Gender roles are the activities ascribed to men and women on the basis of perceived
differences. "Division of labor" is a term used in gender literature to mean the roles and tasks
assigned to women and men on the basis of perceived gender characteristics and attributes,
instead of ability and skills.

Men's Roles
Today, in the world's more industrialized countries there are few lines of demarcation
between men's and women's occupations. However, in many less industrialized societies men
have more visible and recognized roles than women, largely because men are paid for their
productive work and women are not. In these societies, men's roles usually involve jobs
which are assessed and counted in national censuses and accounting systems. Men do not
usually perform domestic or household tasks.

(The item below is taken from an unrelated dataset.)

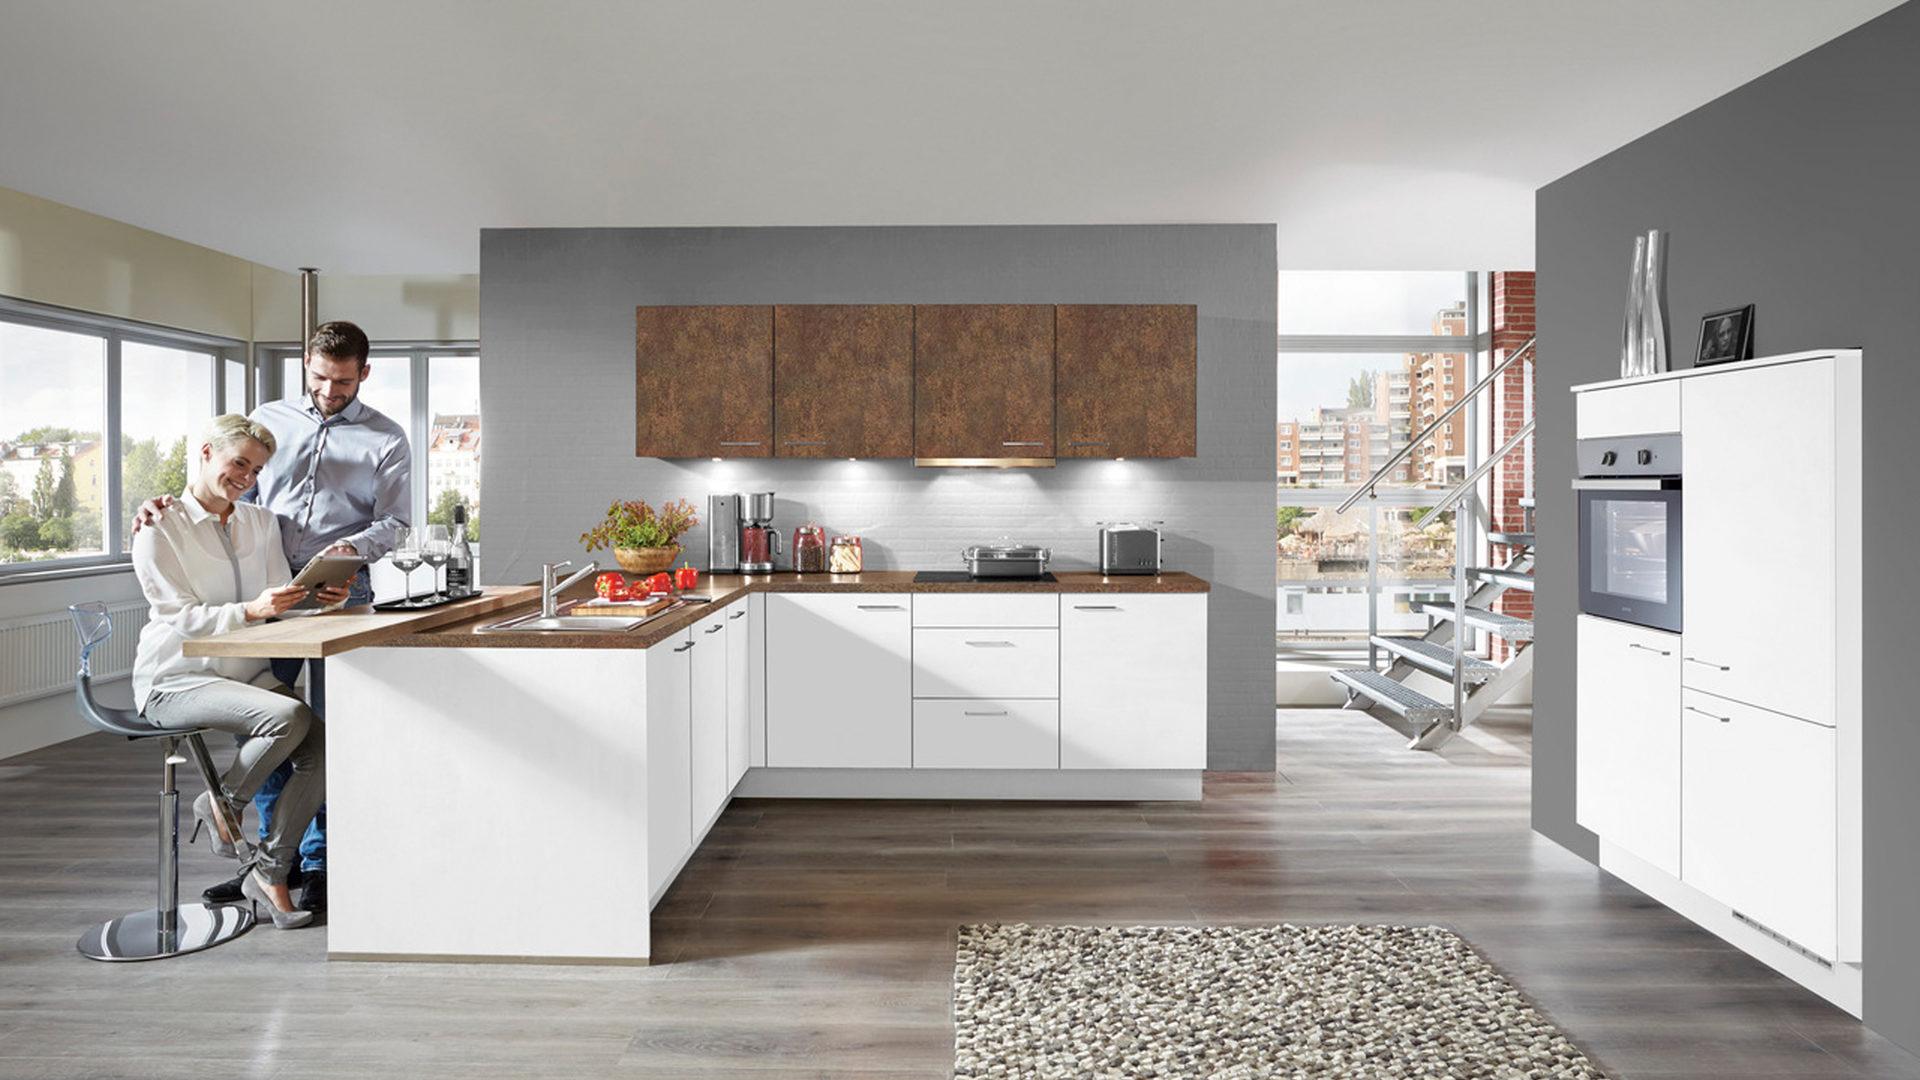 Küchen Coesfeld möbel boer coesfeld möbel a z küchen einbauküche mit gorenje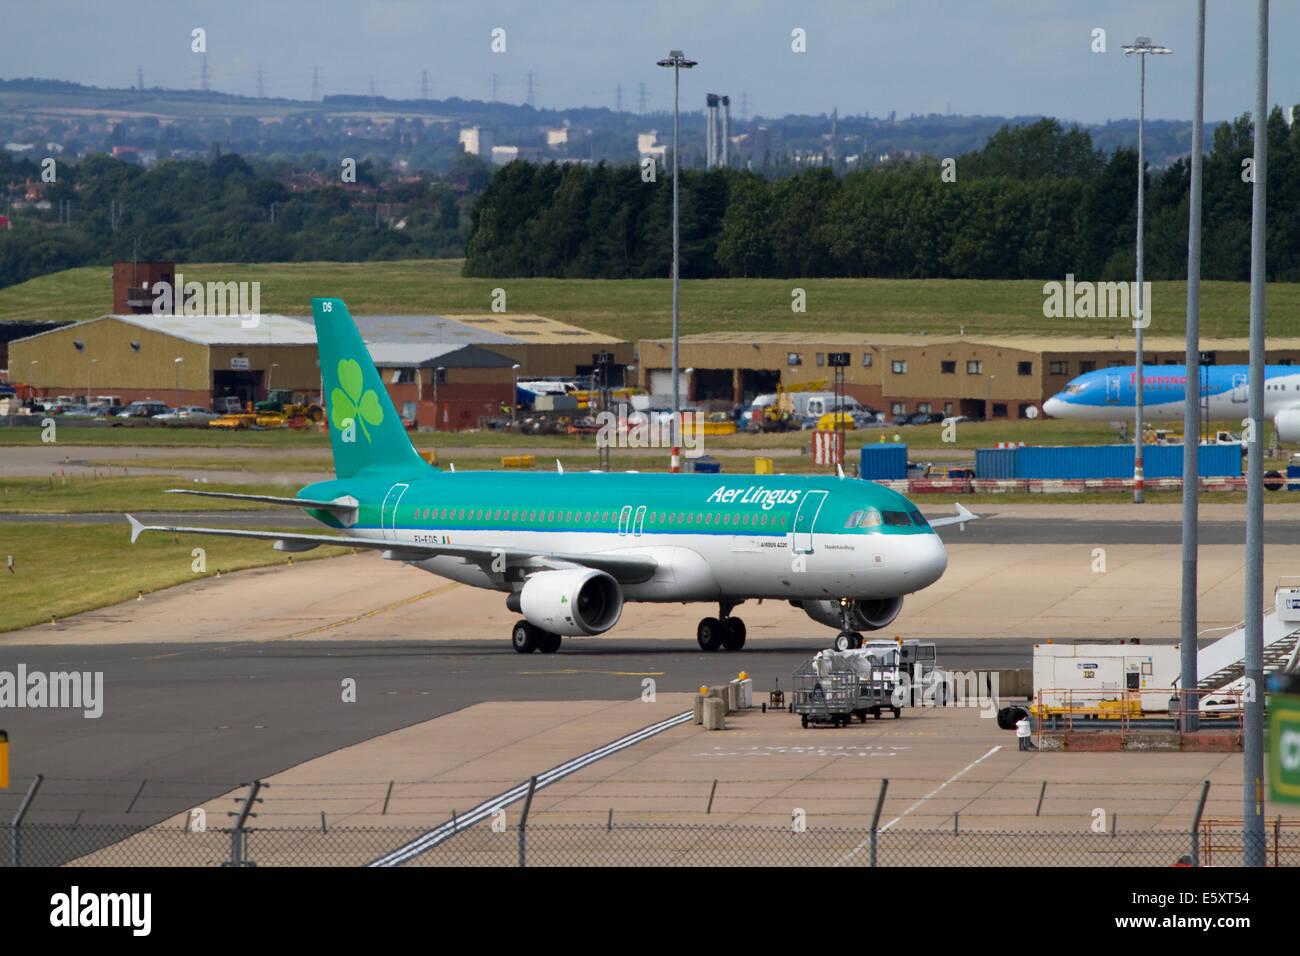 Avion Aer Lingus le roulage. L'aéroport de Birmingham Photo Stock

If they have community management roles, these tend to involve political
organization and leadership. Women handle community organization and hands-on activities.
Women's Roles
Women's roles in most societies fall into three categories: productive (relating to production
of goods for consumption or income through work in or outside the home), reproductive
(relating to domestic or household tasks associated with creating and sustaining children and
family), and community management (relating to tasks and responsibilities carried out for the
benefit of the community). Women must balance the demands of these three different roles
and should be recognized for their contributions.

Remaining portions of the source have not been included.